Let `a_(1),a_(2),a_(3), …, a_(10)` be in G.P. with `a_(i) gt 0` for i=1, 2, …, 10 and S be te set of pairs (r, k), r, k `in` N (the set of natural numbers)
for which `|(log_(e)a_(1)^(r)a_(2)^(k),log_(e)a_(2)^(r)a_(3)^(k),log_(e)a_(3)^(r)a_(4)^(k)),(log_(e)a_(4)^(r)a_(5)^(k),log_(e)a_(5)^(r)a_(6)^(k),log_(e)a_(6)^(r)a_(7)^(k)),(log_(e)a_(7)^(r)a_(8)^(k),log_(e)a_(8)^(r)a_(9)^(k),log_(e)a_(9)^(r)a_(10)^(k))|` = 0. Then the number of elements in S is

To solve the problem, we need to analyze the determinant given in the question and find the conditions under which it equals zero.

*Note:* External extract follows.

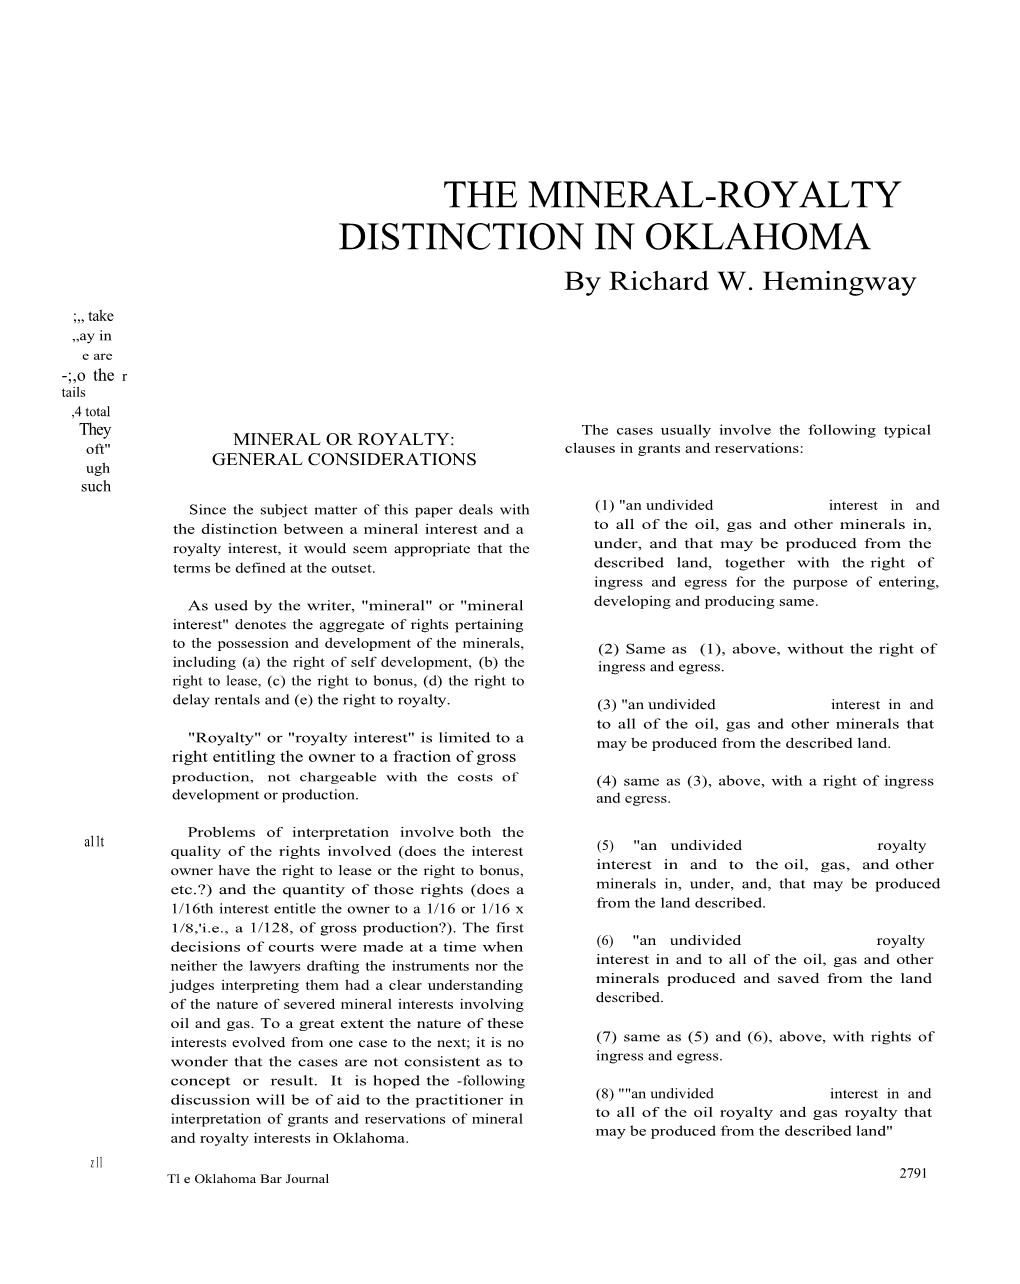 The Mineral-Royalty

The sequence \( a_1, a_2, \ldots, a_{10} \) is in geometric progression (G.P.) with \( a_i > 0 \) for \( i = 1, 2, \ldots, 10 \). ### Step-by-Step Solution: 1. **Understanding the G.P.**: Since \( a_1, a_2, \ldots, a_{10} \) are in G.P., we can express them as: \[ a_i = a_1 r^{i-1} \quad \text{for } i = 1, 2, \ldots, 10 \] where \( r \) is the common ratio and \( a_1 > 0 \). 2. **Writing the Determinant**: The determinant we need to analyze is: \[ D = \begin{vmatrix} \log_e(a_1^r a_2^k) & \log_e(a_2^r a_3^k) & \log_e(a_3^r a_4^k) \\ \log_e(a_4^r a_5^k) & \log_e(a_5^r a_6^k) & \log_e(a_6^r a_7^k) \\ \log_e(a_7^r a_8^k) & \log_e(a_8^r a_9^k) & \log_e(a_9^r a_{10}^k) \end{vmatrix} \] 3. **Applying Logarithmic Properties**: Using the property of logarithms, we can rewrite each term: \[ \log_e(a_i^r a_{i+1}^k) = r \log_e(a_i) + k \log_e(a_{i+1}) \] Thus, we can express the determinant in terms of logarithms of the \( a_i \). 4. **Column Operations**: Perform column operations to simplify the determinant: - Let \( C_2 = C_2 - C_1 \) - Let \( C_3 = C_3 - C_2 \) After these operations, we will find that the determinant can be expressed in terms of differences of logarithms. 5. **Identifying Linear Dependence**: After performing the column operations, we will find that two columns become identical or linearly dependent. This is because the logarithmic terms will have a common structure due to the G.P. property. 6. **Conclusion**: Since the determinant becomes zero when any two columns are identical, we conclude that the determinant \( D = 0 \) for all pairs \( (r, k) \) in \( \mathbb{N} \). 7. **Counting the Elements in Set \( S \)**: Since \( r \) and \( k \) can take any natural number value, the number of pairs \( (r, k) \) is infinite. Thus, the number of elements in the set \( S \) is infinite. ### Final Answer: The number of elements in \( S \) is infinite.